Sorry for such a late reply, this is the first chance I've had in weeks to sit down at my laptop.
First I should clarify that I see a clear distinction between meditation/vipassana generally and what is taught at Goenka courses. My concerns are restricted to the latter (more on that below).
Secondly I should add that by saying I had a bad experience does not mean I found the conditions overly trying. I understood the general limitations & restrictions I would be subjected to and I found them challenging but reasonable. It was the other parts of the course that troubled me. (This, by the way, is necessary to explain because I've found that among Goenka devotees any criticism is generally met with a blank, 'Oh, you just couldn't hack the conditions'.)
So, to the PDF - I don't see it as a definitive argument against Goenka courses or some authoritative analysis, but merely a starting point for a discussion that's way overdue.

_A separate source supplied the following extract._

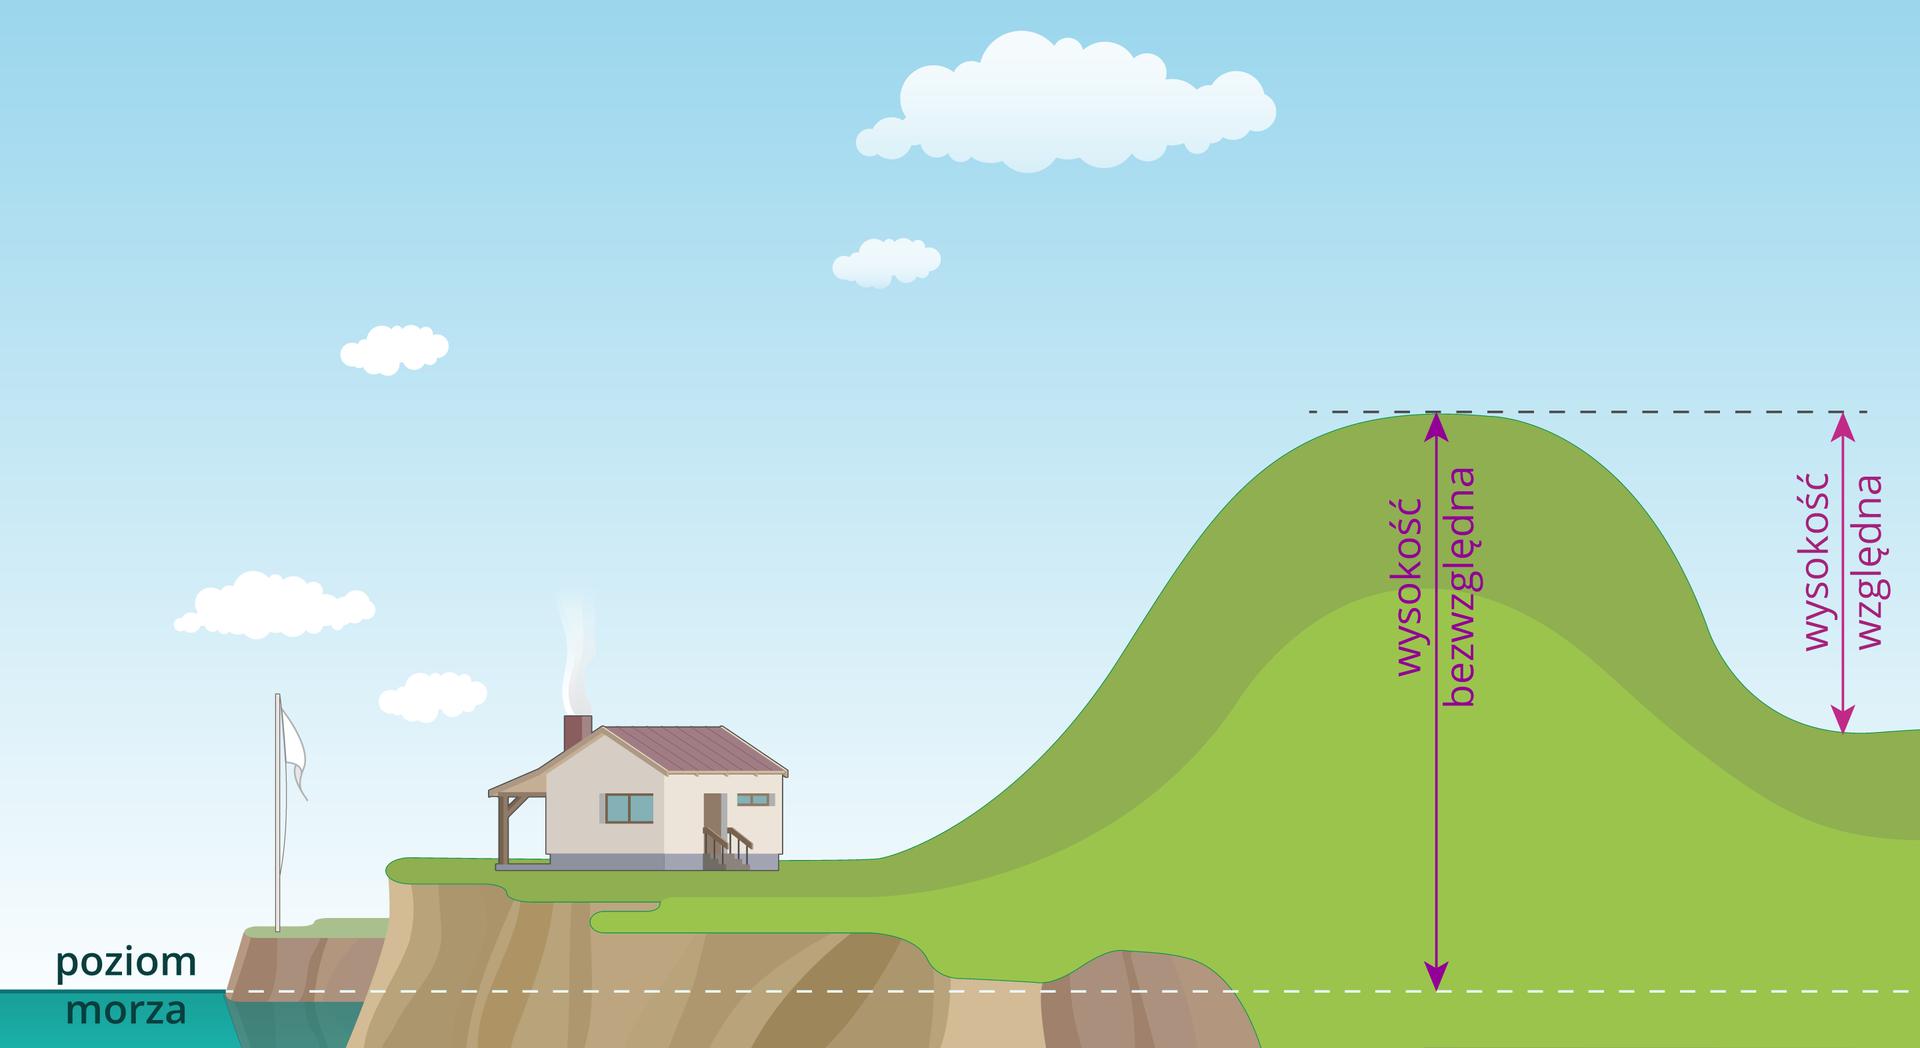 Ilustracja przedstawia sposoby mierzenia wysokości bezwzględnej iwzględnej. Rysunek obrazuje zróżnicowaną rzeźbę terenu. Wcentrum ilustracji znajduje się szczyt. Jest to najwyższe wzniesienie. Zprawej strony upodnóża jest morze, azlewej dolina leżąca wyżej niż morze. Od wierzchołka szczytu jest poprowadzona pionowa linia zakończona dwoma grotami zgóry idołu. Linia ta wskazuje odległość od wierzchołka szczytu do linii poziomej, białej przerywanej, która jest poprowadzona na poziomie morza. Przedstawiona odległość to wysokość bezwzględna. Po stronie prawej od poziomej linii biegnącej na poziomie szczytu pagórka poprowadzona jest pionowa linia zdwoma grotami do dna doliny. Odległość od wierzchołka szczytu do podnóża pagórka to wysokość względna.

In fact the speculation and crankery seems the point in a way - ie, the thrust of the document is that we need to start questioning what's really going on at these centres and where they could lead in future. The point about hypoxia is obviously incorrect - but the impression I got was of someone struggling with a bad experience and trying to make sense of it. I've spent the past few months trying to make sense of what happened to me and feel frustrated that others are still being led blindly into these courses.
My chief concern is that they are sold as safe and psychologically sound when this is not necessarily the case. I had expected the course to be challenging but within essentially safe boundaries. What I saw went way beyond that.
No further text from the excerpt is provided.